Voltando aqui. A Rin é a protagonista da história. E a história dela tem um desenlace interessante, porque ela teve a chance de cumprir sua vingança mais de uma vez. Mas essa jornada com Manji também ensinou maturidade e os limites que ela consegue ou não ultrapassar. A relação dela com o Manji também é ótima porque ele a trata como irmã mais nova do começo ao fim. E o Manji é o ponto de vista, pois ele é central à história, sim, mas ele está lá no começo e estará lá no final.
O fim da história é legal de ler, recomendo. Uma das coisas legais é que parece que vai ser um daqueles mangás que corta a luta final ao meio e mostra um prólogo do que está acontecendo anos depois, mas não é isso que acontece. Esse mangá mostra a luta final e todos os detalhes horríveis das batalhas, dos caminhos que os personagens fizeram até chegar àquele momento. Eu gosto particularmente da cena em que o Manji perde um braço e depois cata outro qualquer para colocar no lugar, algo que ele aprendeu no laboratório do Dr. Burando.

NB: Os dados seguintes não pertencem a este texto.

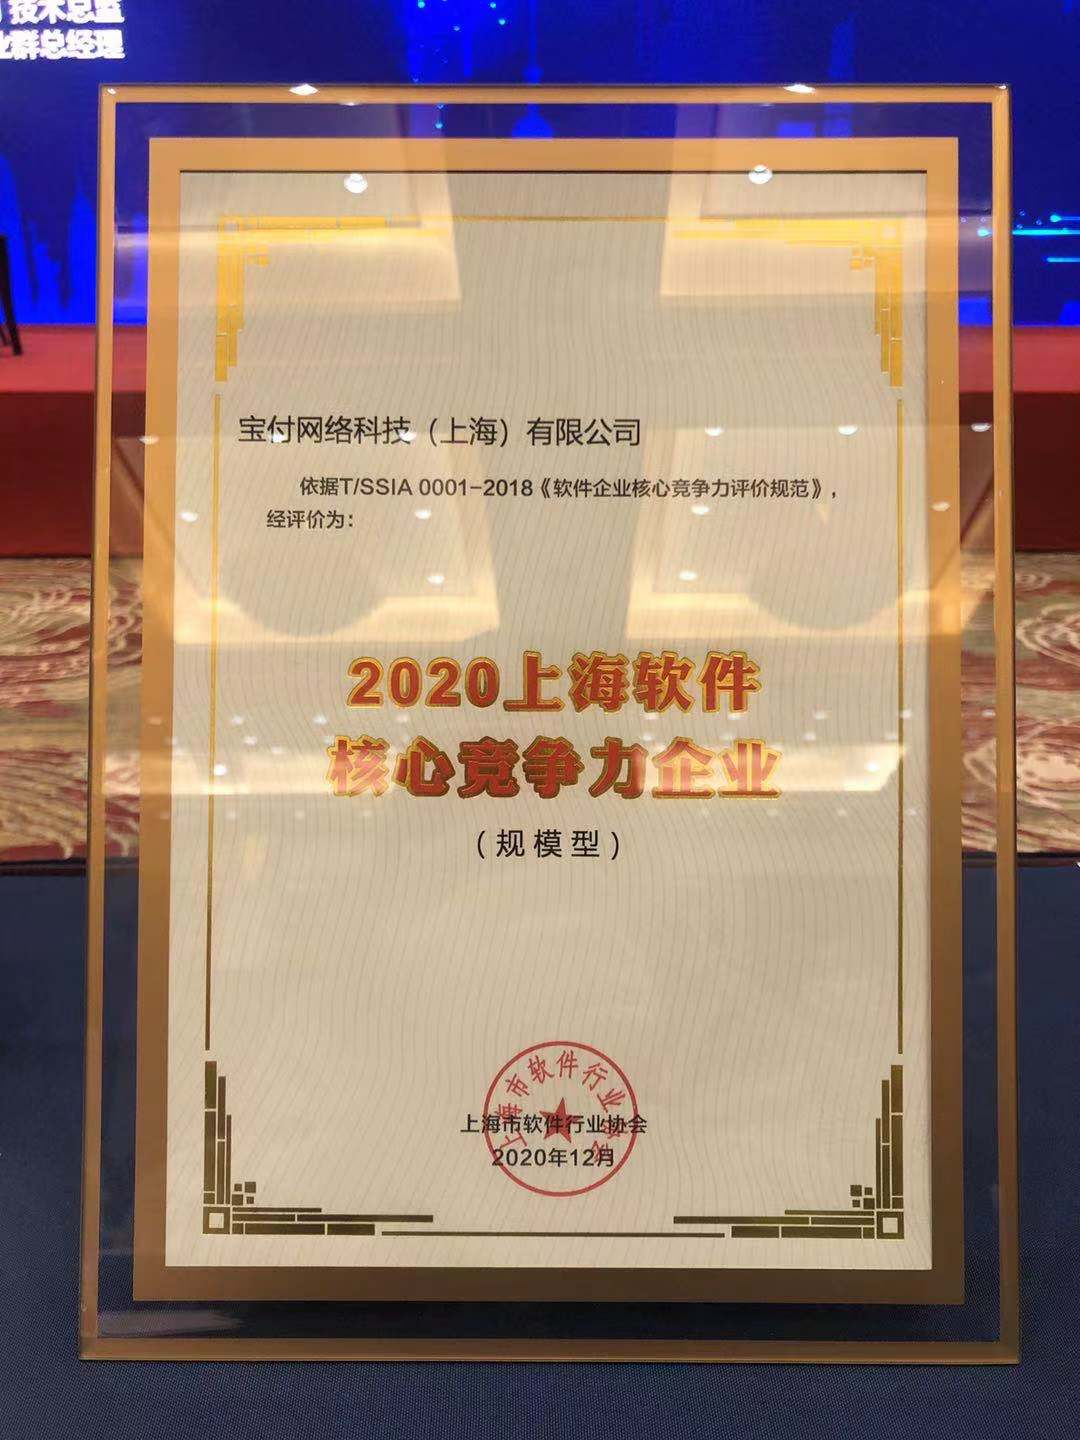 宝付荣获”2020上海软件核心竞争力企业”称号

Blade também é um exemplo que eu uso de personagens femininas em mangás. A Rin é incrível, a Doa é incrível e, acima delas, tem a Makie. A Makie é a menina que o Anotsu gosta e que sempre foi mais forte do que ele. E isso é uma verdade do começo ao fim. Ela é alta, bonita e sensual, e a mais forte do Itto-Ryu. Eu, pessoalmente, uso a Makie como exemplo de que em mangás japoneses existem personagens femininas que são mais fortes que as personagens masculinas.
Minha conclusão é que Blade se propõe a contar uma história multifacetada voltada aos personagens. Como as ações individuais podem moldar as pessoas ao seu redor e como as ações do outro podem moldar as formas como você vê o mundo. Acho incrível que o autor pintou os vilões todos como vilanescos, mesmo dando justificativas muito palpáveis para cada um deles. Também acho incrível a cinematografia e como as cenas são cinéticas e sinérgicas, fazendo a destruição e a matança serem lindas, mas não objetificantes.